Wolves are shy and generally avoid humans. However, they can lose their fear of humans if they learn to associate us with easily available food. When this happens, wolves may be seen inv daylight hours and may approach camping areas, homes and people.
Responsibility for managing problem wildlife on properties
- Landowners are responsible for managing problem animals on their property. For example, if there are wolf problems on municipal property it is the municipality’s responsibility to deal with them.
- The Ministry of Natural Resources helps landowners and municipalities deal with problem wildlife by providing fact sheets, appropriate agency and animal control services referrals, and information necessary to obtain authorizations where required.
- The Fish and Wildlife Conservation Act sets out the legal actions property owners can take to deal with problem wildlife. Generally, landowners or their agents may capture, kill, or harass problem wolves to prevent damage to their property. Anyone who kills a wolf in protection of property is urged to report it to the local ministry office. Those living in most of northern and central Ontario – Wildlife Management Units 1-42, 46-50 and 53-58 – must immediately report the killing of a wolf or coyote in protection of property to their ministry office.

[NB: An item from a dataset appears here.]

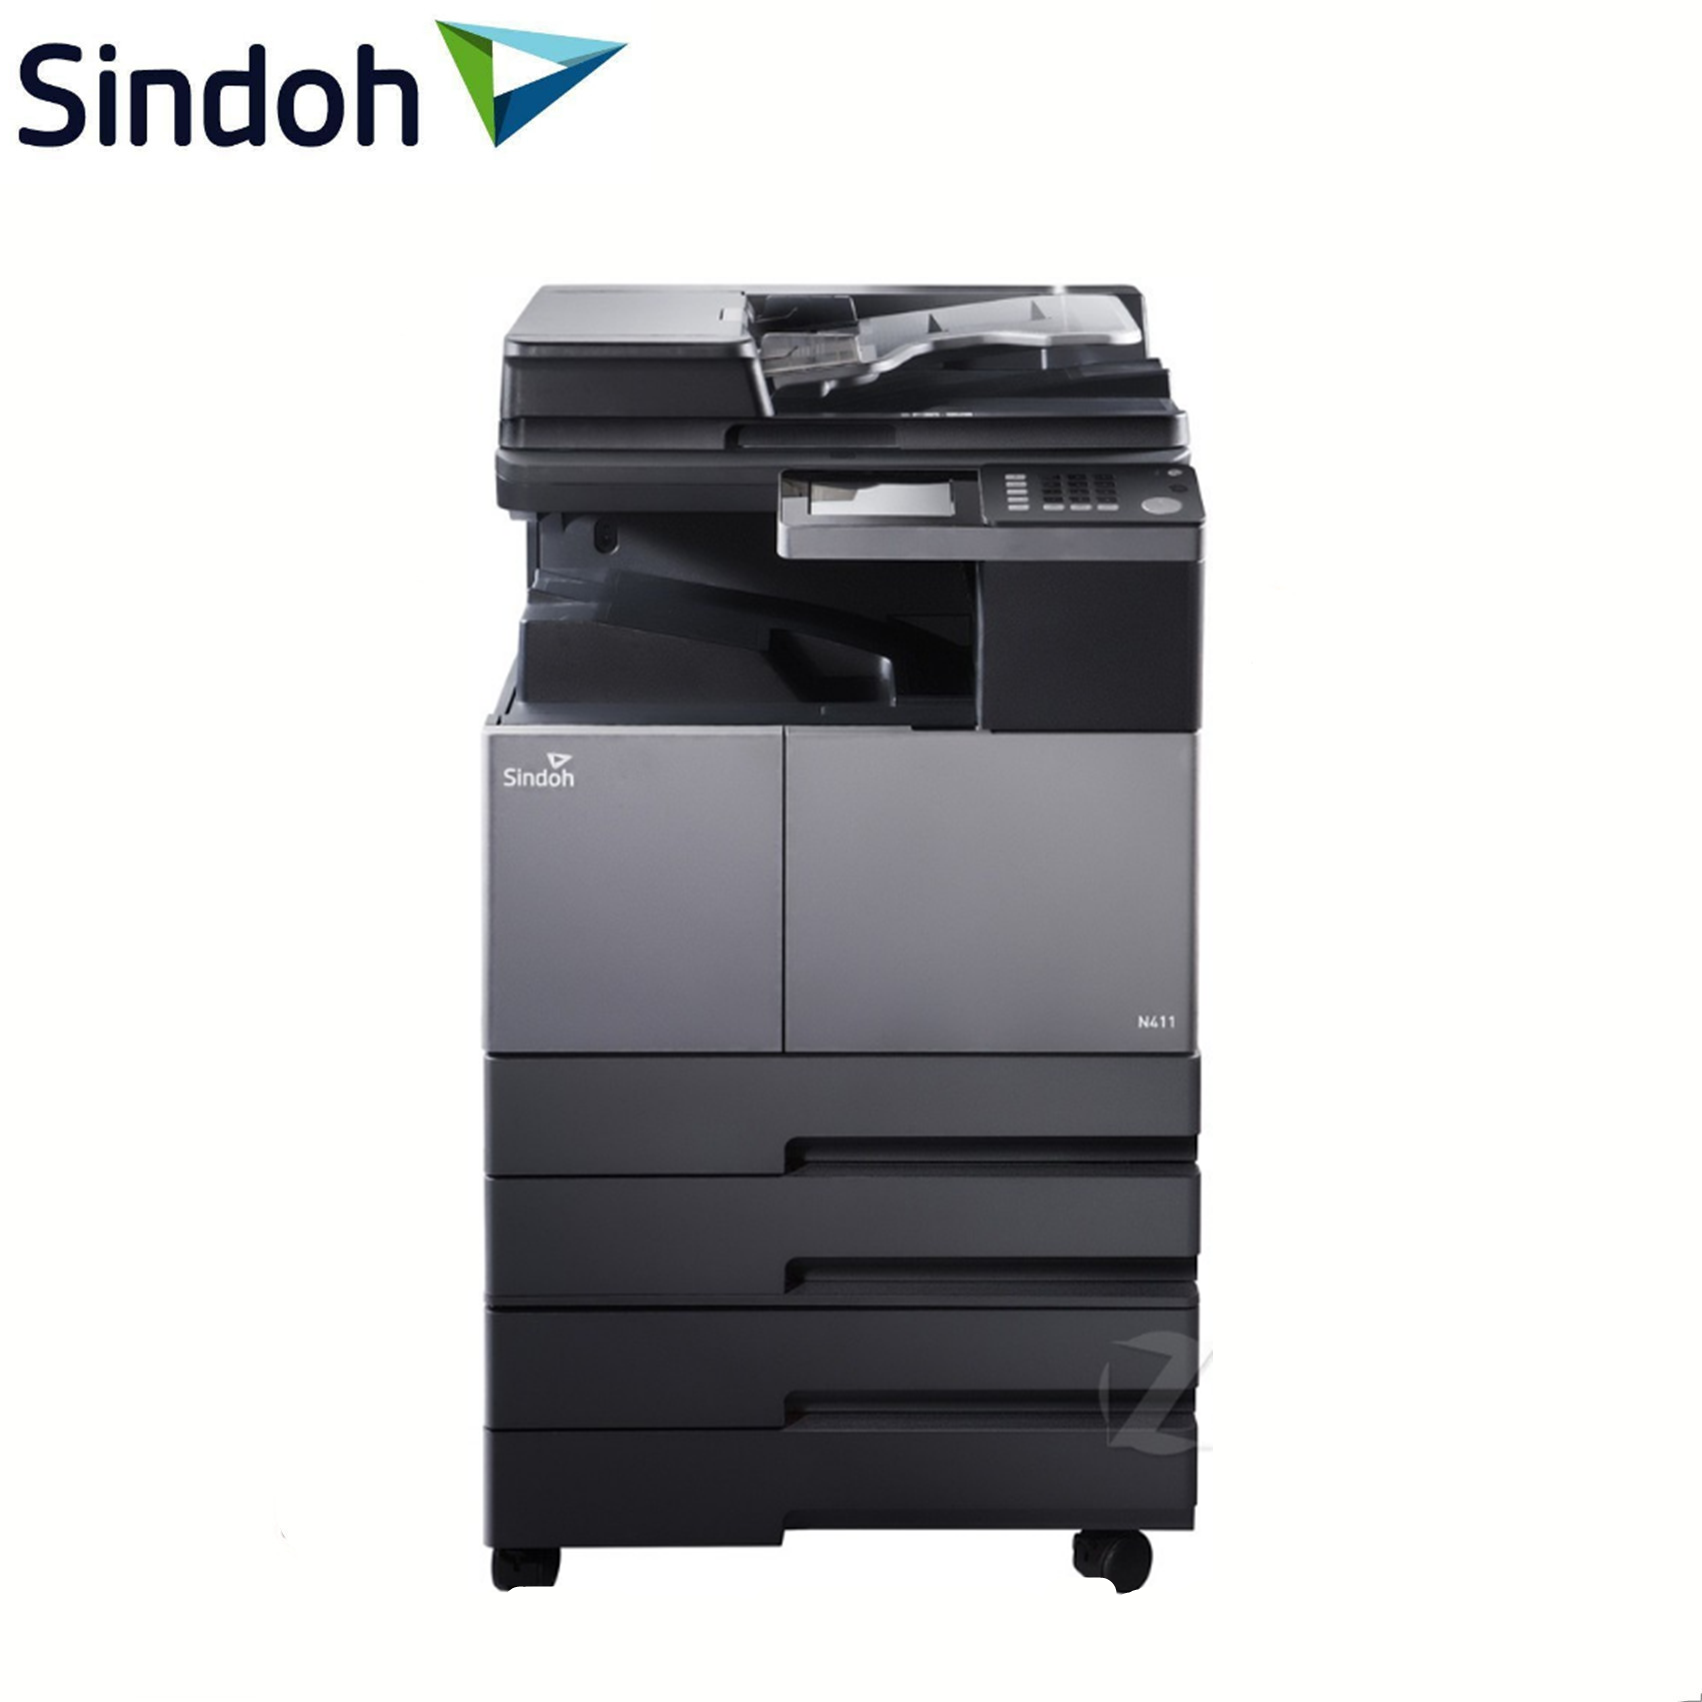 新都(SINDOH)N411 黑白数码复印机 打印/复印/扫描 标配双面器 支持网络打印

Homeowners can take steps to ensure wolves aren’t attracted to their property and to keep their pets safe. The Ministry of Natural Resources has these tips for the public.
If you encounter a wolf
- Do not approach it to get a better look, entice it to come closer, or harass it.
- Do not feed it.
- Leave room for it to escape.
If a wolf approaches you or acts aggressively (growls or snarls)
- Raise your arms and wave them in the air to make yourself look larger.
- Back away slowly while remaining calm; do not turn your back on, or run from, a wolf or any other wild animal.
- Make noise and throw objects at the wolf.
- Use whistles, personal alarm devices or commercially available pepper spray (effective only at short ranges) to frighten an approaching or threatening animal.
Keep pets safe
Cats and small dogs may be seen as prey by wolves, while larger dogs may be seen as competitors. To avoid these situations consider the following suggestions:
- Feed pets indoors.
- Do not allow pets to roam. Wolves may try to kill a dog or a cat when given the opportunity.
- Walk your dog on a leash at all times.
- Do not leave pets unattended outside unless they are in a kennel with a secure top; wolves can jump into fenced yards, and dogs confined by chains are vulnerable to attack.
- Spay or neuter your dogs. Wolves are attracted to, and can mate with, domestic dogs that have not been spayed or neutered.
Secure garbage and minimize attractants on your property
- Properly store and maintain garbage containers.
- Put garbage at curbside the morning of the scheduled pickup, rather than the night before.
- Use enclosed composting bins rather than exposed piles. Wolves are attracted to products containing meat, milk and eggs.
- Do not feed wildlife such as deer to prevent attracting wolves to your property; remove deer food and salt blocks.
- Keep pet food indoors.
Prevent predation on livestock
- Barns or sheds can provide effective protection from wolf predation for livestock that bed inside or nearby at night.
- Remove bush and forest cover that can help conceal predators like wolves from all active pastures.
Consider electric fencing to help deter wolves and other predators.
- Guard animals, such as donkeys, llamas and dogs can be a cost-effective way to protect livestock from wolves. Guard animals will develop a bond with livestock if they are slowly integrated and will aggressively repel predators.
- Well-lit yards or the use of motion-sensitive lighting may make your property less attractive to wolves and other nocturnal wildlife.